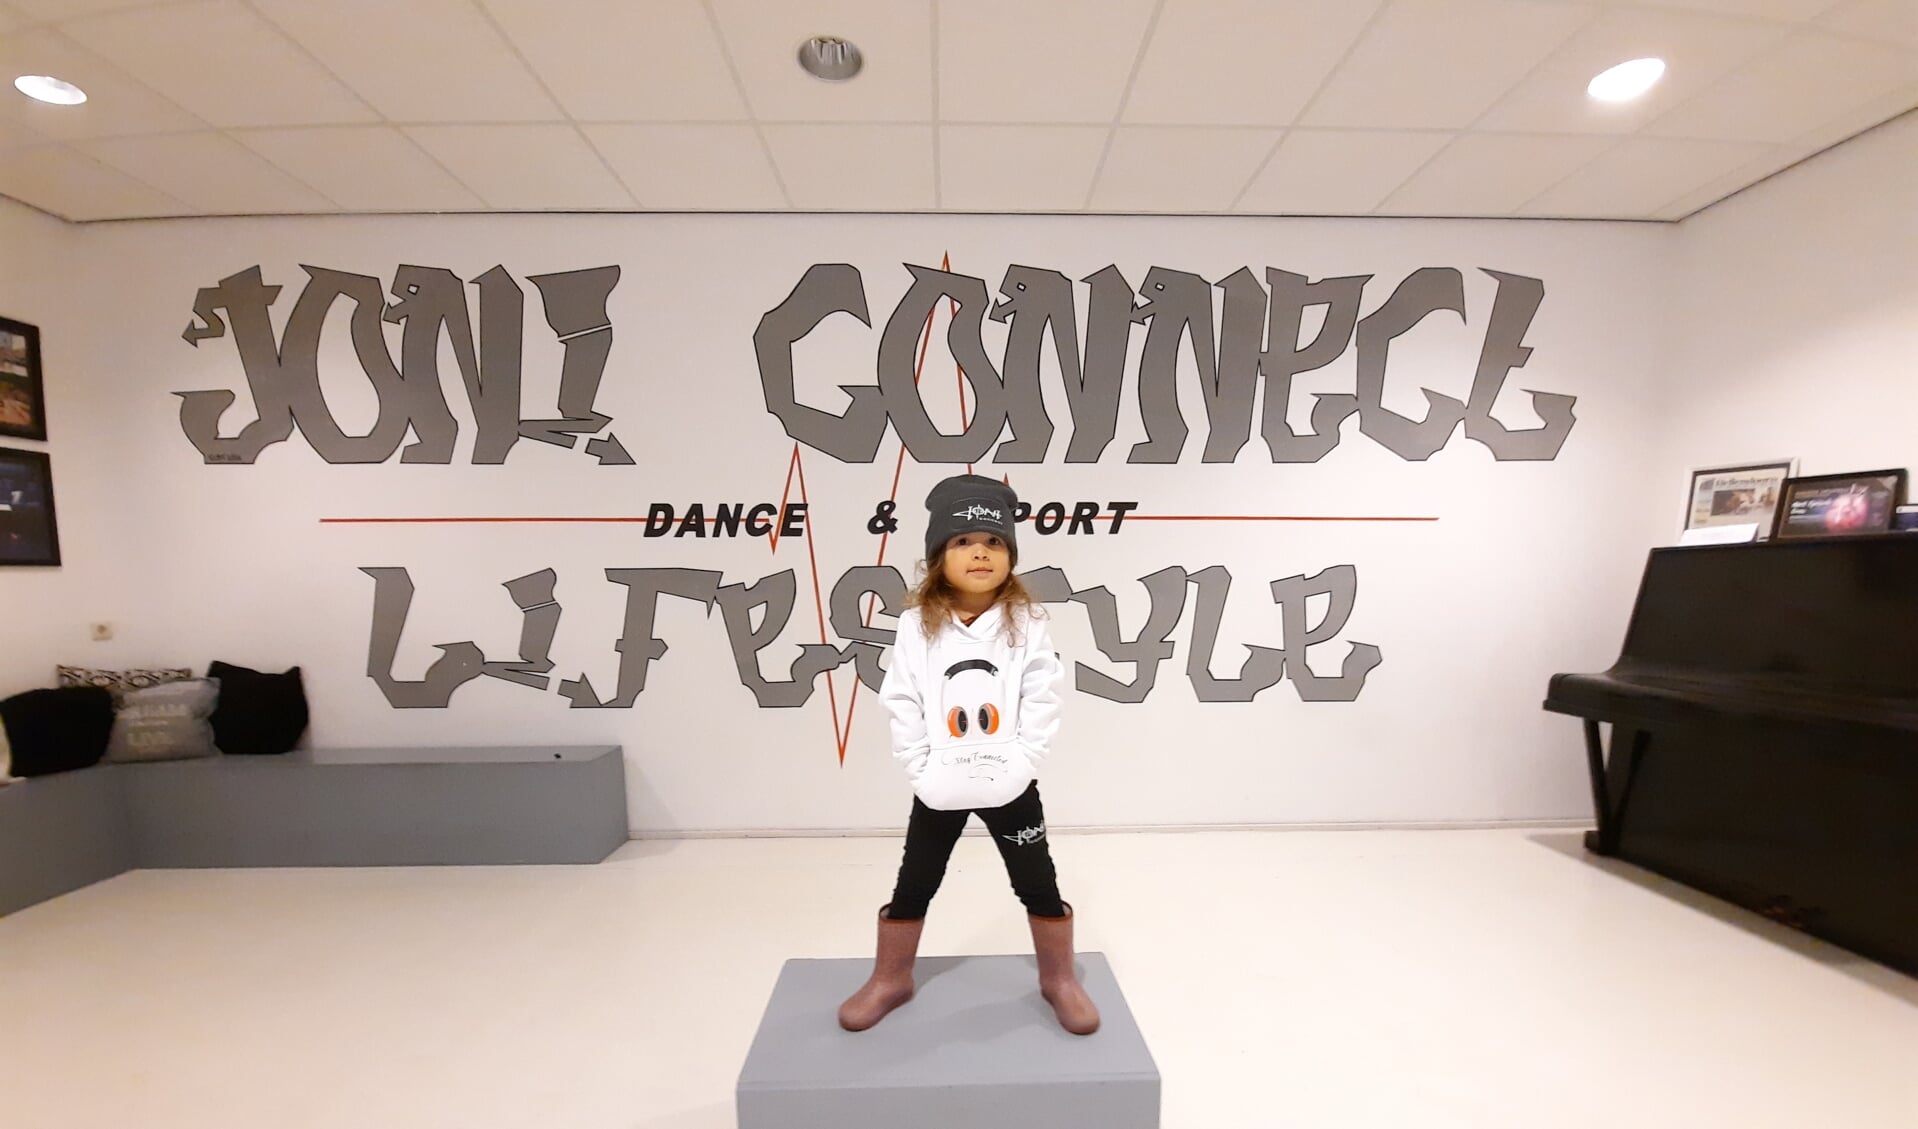 Joni Connect, de dans- en sportstudio van Joshua en Nicole, heeft naast de diverse lessen ook een eigen kledingwinkel. 
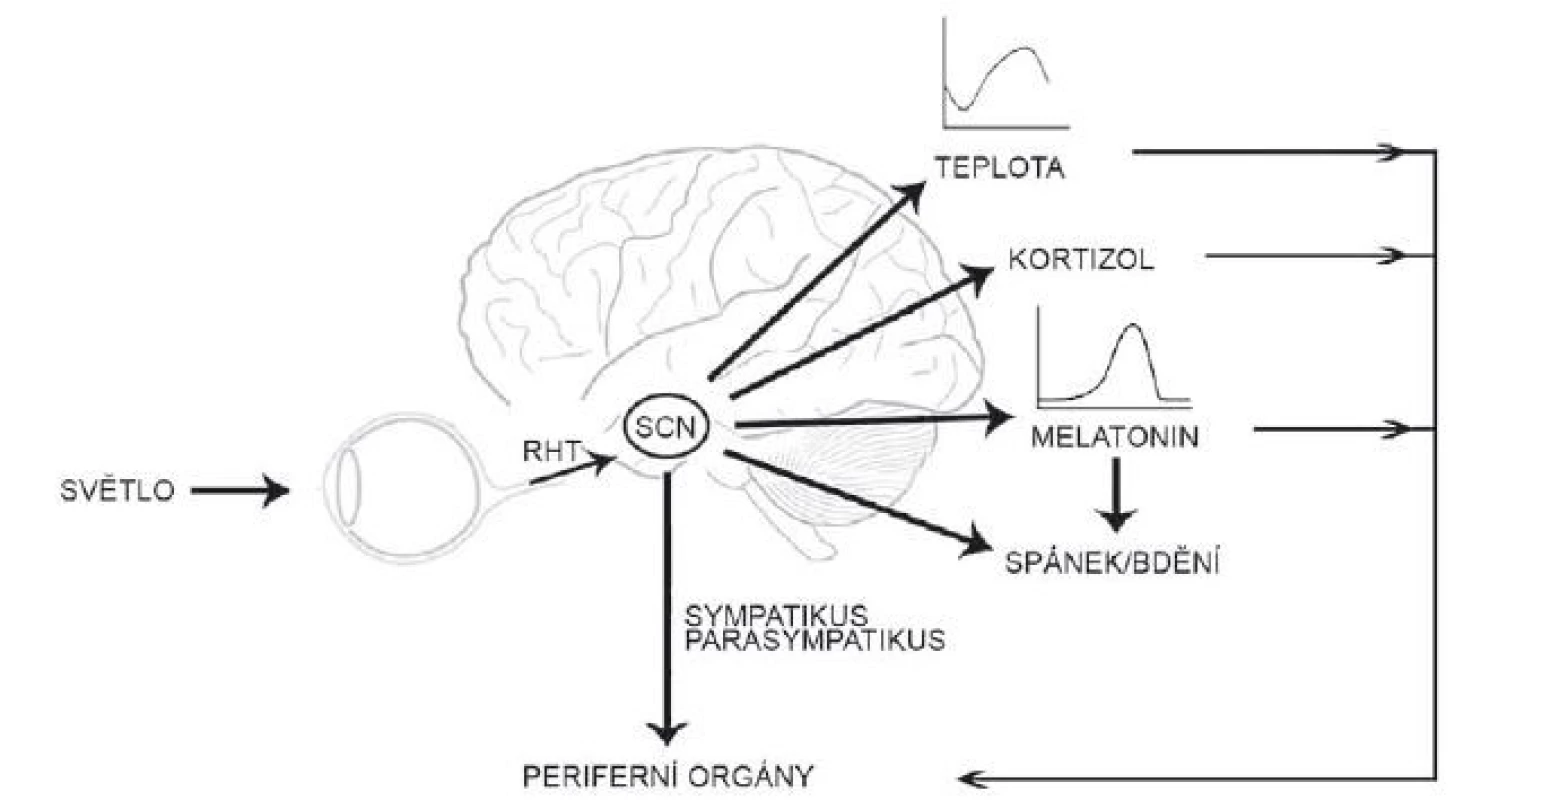 Suprachiasmatické jádro získává informace o světle ze sítnice oka a synchronizuje rytmy v tělesné teplotě, produkci melatoninu
a kortizolu, reguluje spánek a přímo i nepřímo fyziologii periferních orgánů.
RHT – retinohypotalamický trakt; SCN – suprachiasmatická jádra<br>
Fig. 2. The suprachiasmatic nucleus receives the photic information from the retina, synchronizes rhythms in body temperature, melatonin
and cortisol secretion, sleep regulation and regulates the physiology of the peripheral organs both directly and indirectly.
RHT – retinohypothalamic tract; SCN – suprachiasmatic nucleus

○ ○ ○ ○

Could you write out all the records exactly, without the pictures?

- _Task result_:
 Joni Connect, de dans- en sportstudio van Joshua en Nicole, heeft naast de diverse lessen ook een eigen kledingwinkel. 
 Suprachiasmatické jádro získává informace o světle ze sítnice oka a synchronizuje rytmy v tělesné teplotě, produkci melatoninu
a kortizolu, reguluje spánek a přímo i nepřímo fyziologii periferních orgánů.
RHT – retinohypotalamický trakt; SCN – suprachiasmatická jádra<br>
Fig. 2. The suprachiasmatic nucleus receives the photic information from the retina, synchronizes rhythms in body temperature, melatonin
and cortisol secretion, sleep regulation and regulates the physiology of the peripheral organs both directly and indirectly.
RHT – retinohypothalamic tract; SCN – suprachiasmatic nucleus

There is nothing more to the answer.